Undoubtedly, the question that immediately comes to mind is why he decided to end the process at this time. why did you decide to end the process at this time?. With the publication of the minutes of that meeting we can dig a little deeper into the reasons behind this decision.

First, while monthly inflation remained monthly inflation remained high and year-on-year and the year-on-year figures had exceeded those projected in the last IPoM, it is also true that these were beginning to recede and the outlook for the more volatile items did not appear to show the increases of previous months. In fact, in some cases, In fact, in some cases, these prices were beginning to show some setbacks, mainly in the case of some foodstuffs. In addition, certain cost indicators, such as maritime freight rates or even the exchange rate, continued to fall or, in the case of the parity, was no longer influenced by internal weakness, but rather by the global strength of the dollar, which meant very different price pass-throughs.

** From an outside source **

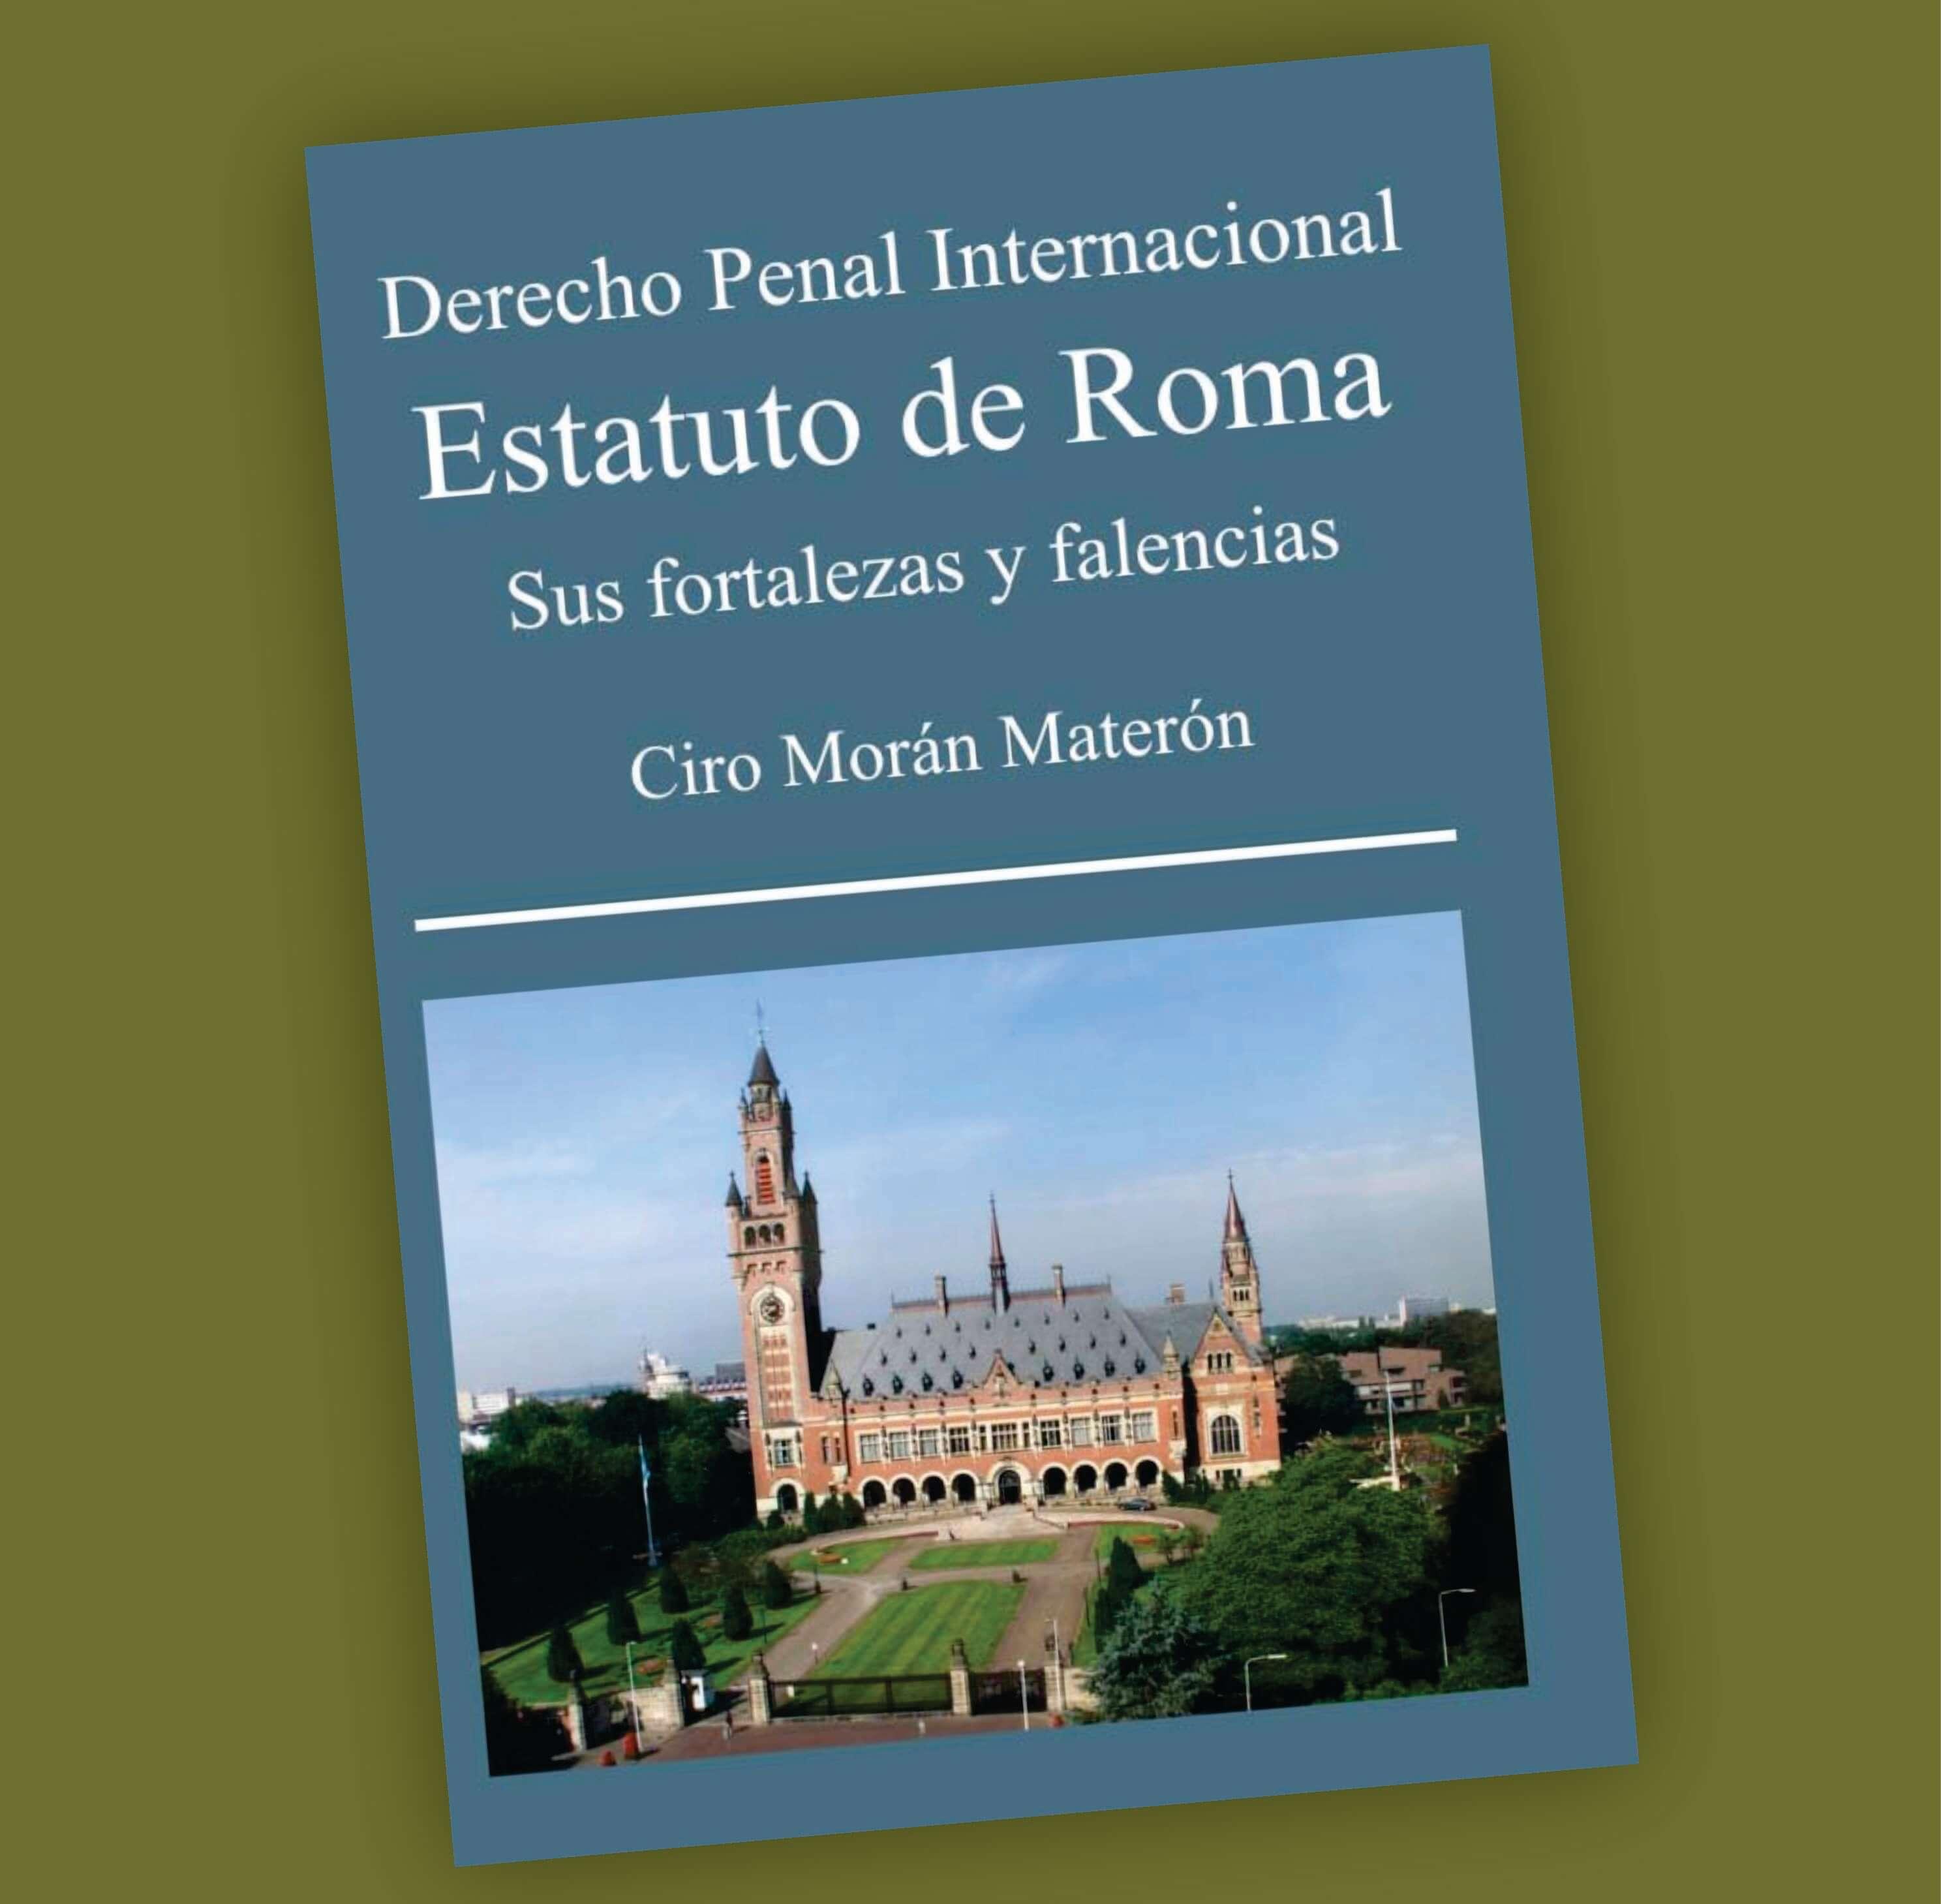 Derecho Penal Internacional Estatuto de roma- Ciro Morán Materón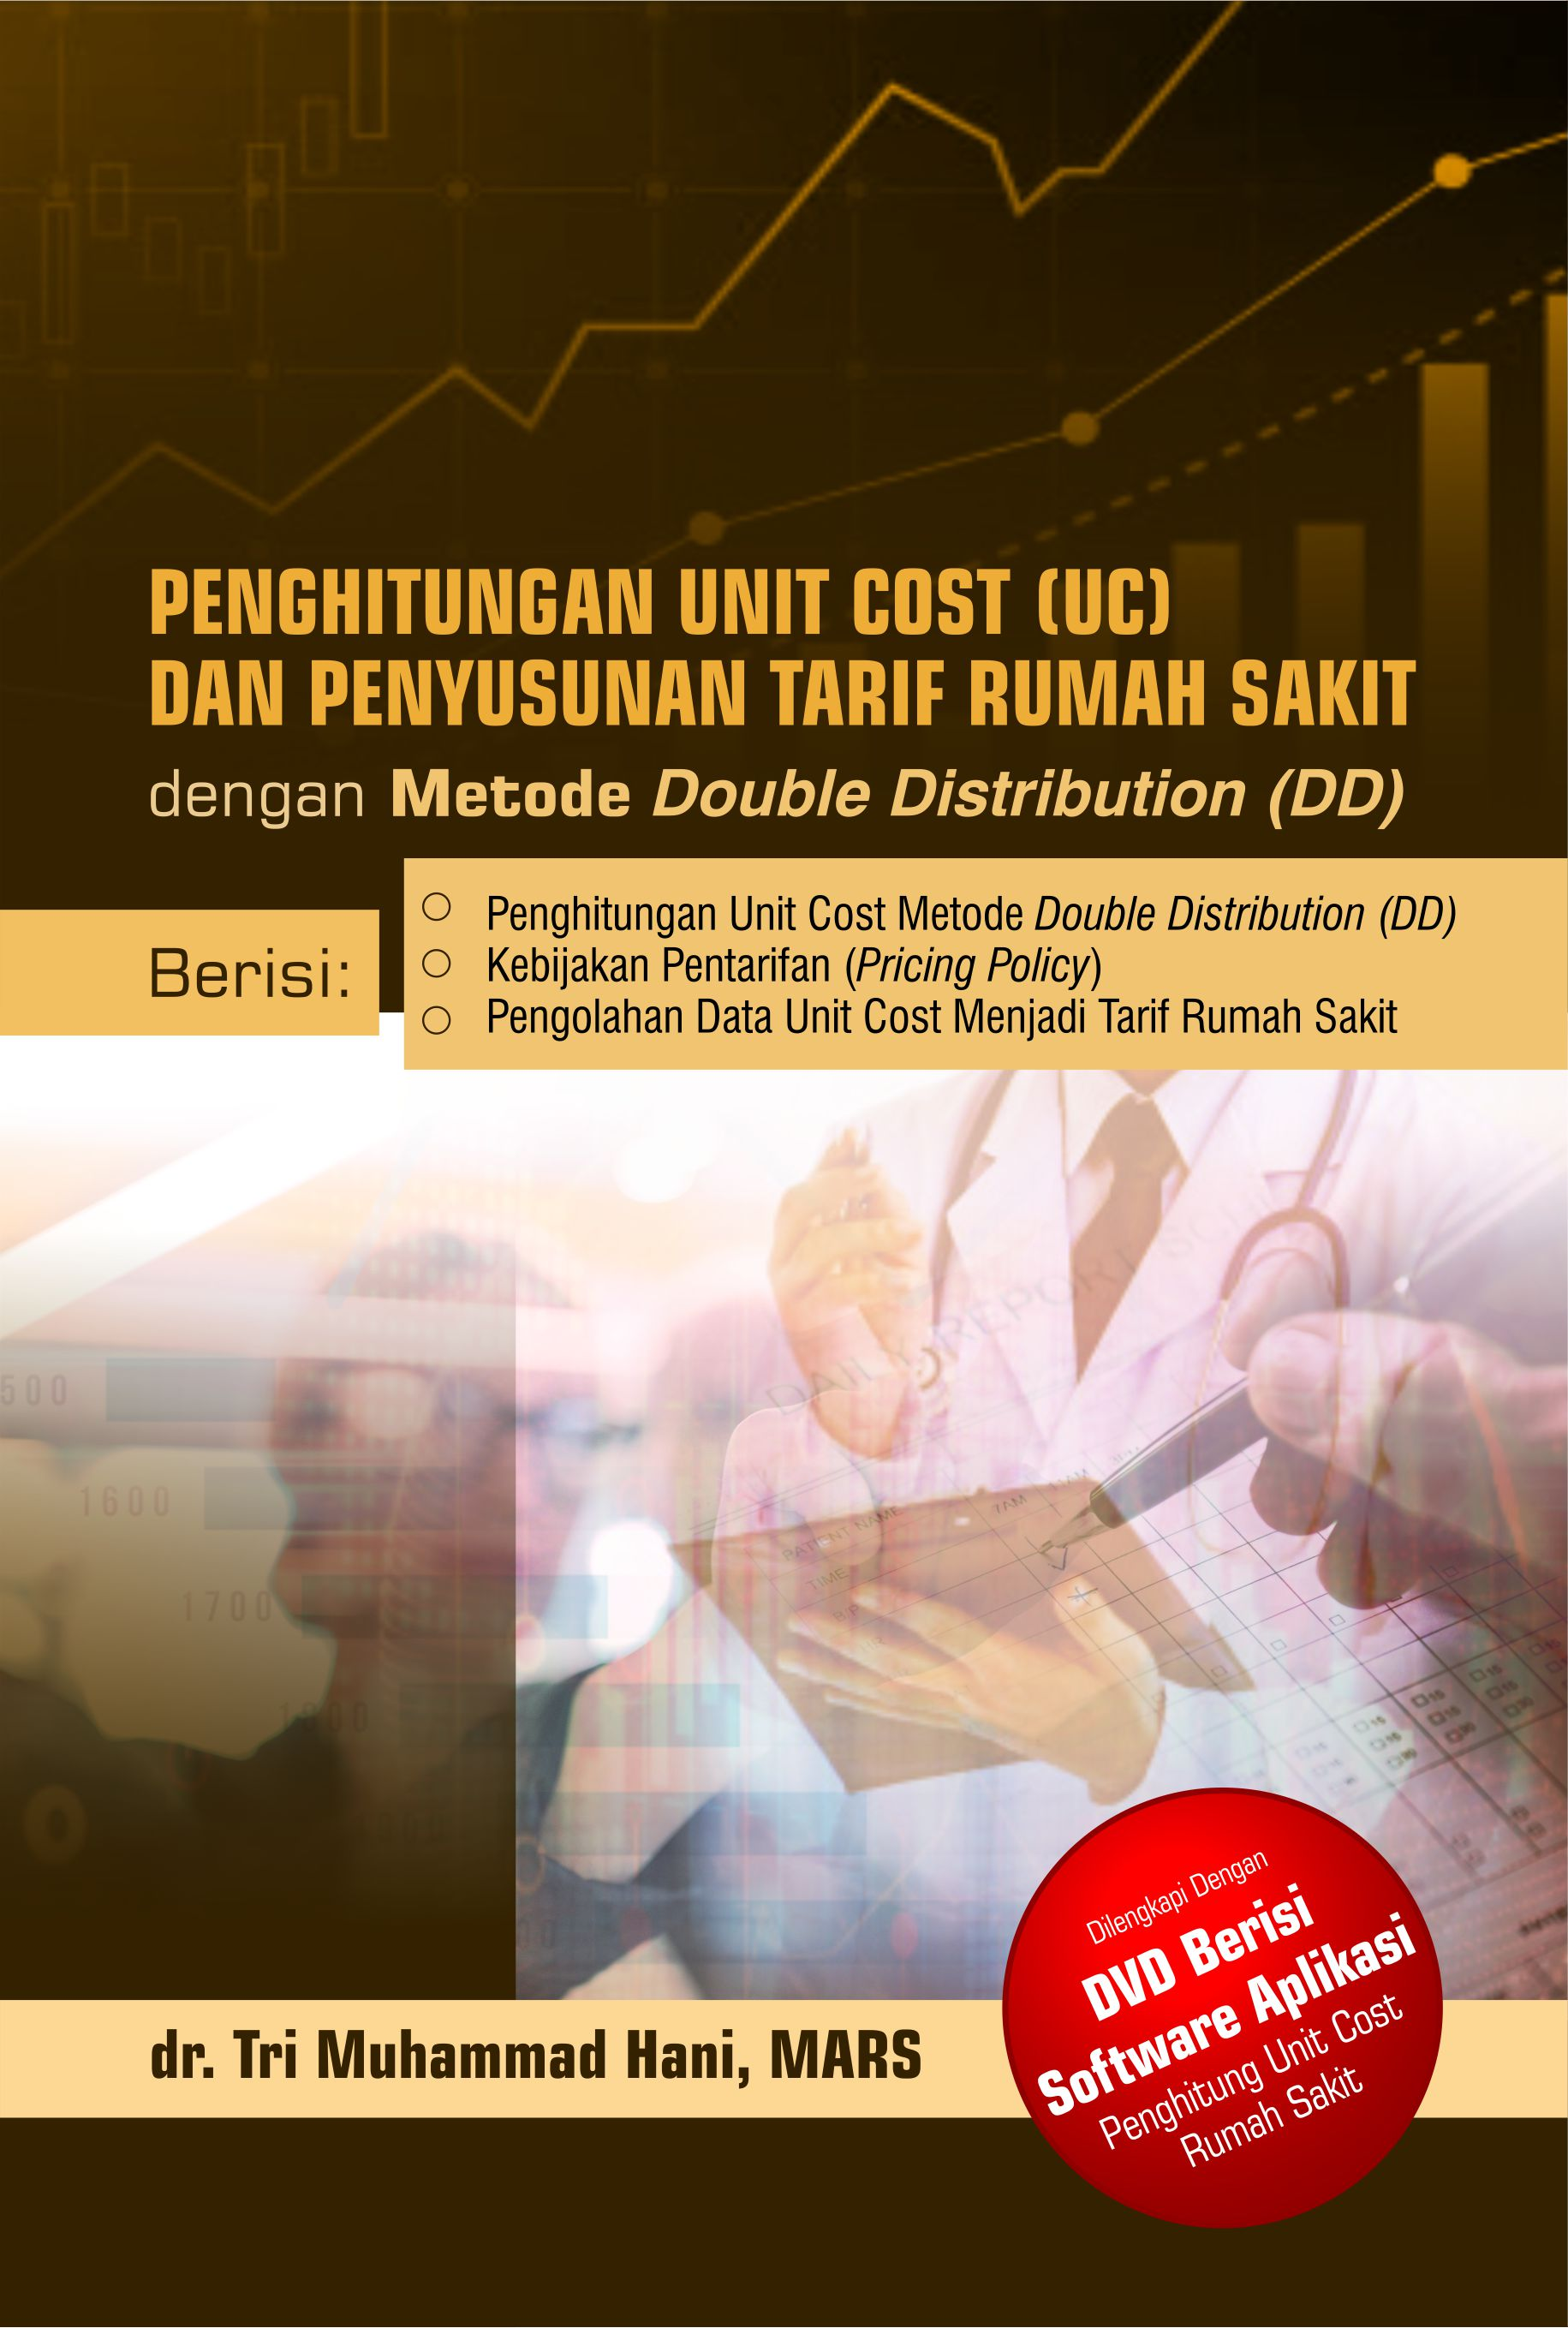 Penghitungan unit cost (UC) dan penyusunan tarif rumah sakit dengan metode double distribution (DD) [sumber elektronis]

Second, despite the recent improved performance of the services sector, overall activity continued to exhibit weakness, which should continue going forward. Sectoral indicators ratified this view, which was in line with the fall in private projections. The international economy, meanwhile, also confirmed weakness, in a context of high inflation, less impulse from monetary policy and relevant geopolitical risks.

Thirdly, the financial sector also confirmed this lower expansiveness, with setbacks in credit indicators, greater difficulty in accessing credit, higher market rates and falls in equities. Despite skeptics, the economy is indeed making the adjustment in line with the Central Bank's objectives, which, sooner or later, would have an impact on inflation.

This idea that the contractionary monetary policy reduces prices, although it may seem half-obvious, is what has been the basis for our less inflationary position than the market in terms longer than one year and, therefore, for a lower TPM than the one implicit in financial assets for that same horizon. With that in mind, the Board decided to put an end to the monetary tightening (or, at least a pause with the information available so far) and the important question that arises is until when. Will it be a short pause, with a downward cycle starting once 2023 begins, or a somewhat longer one that will require information on its scope for at least two more quarters?

Our view is in favor of the second option, since in the event that indicators begin to show unequivocally that prices have started to normalize, one could opt for more aggressive adjustments versus the risk of starting earlier and then having to pull back. The important thing is that, now, we have to focus on the next question.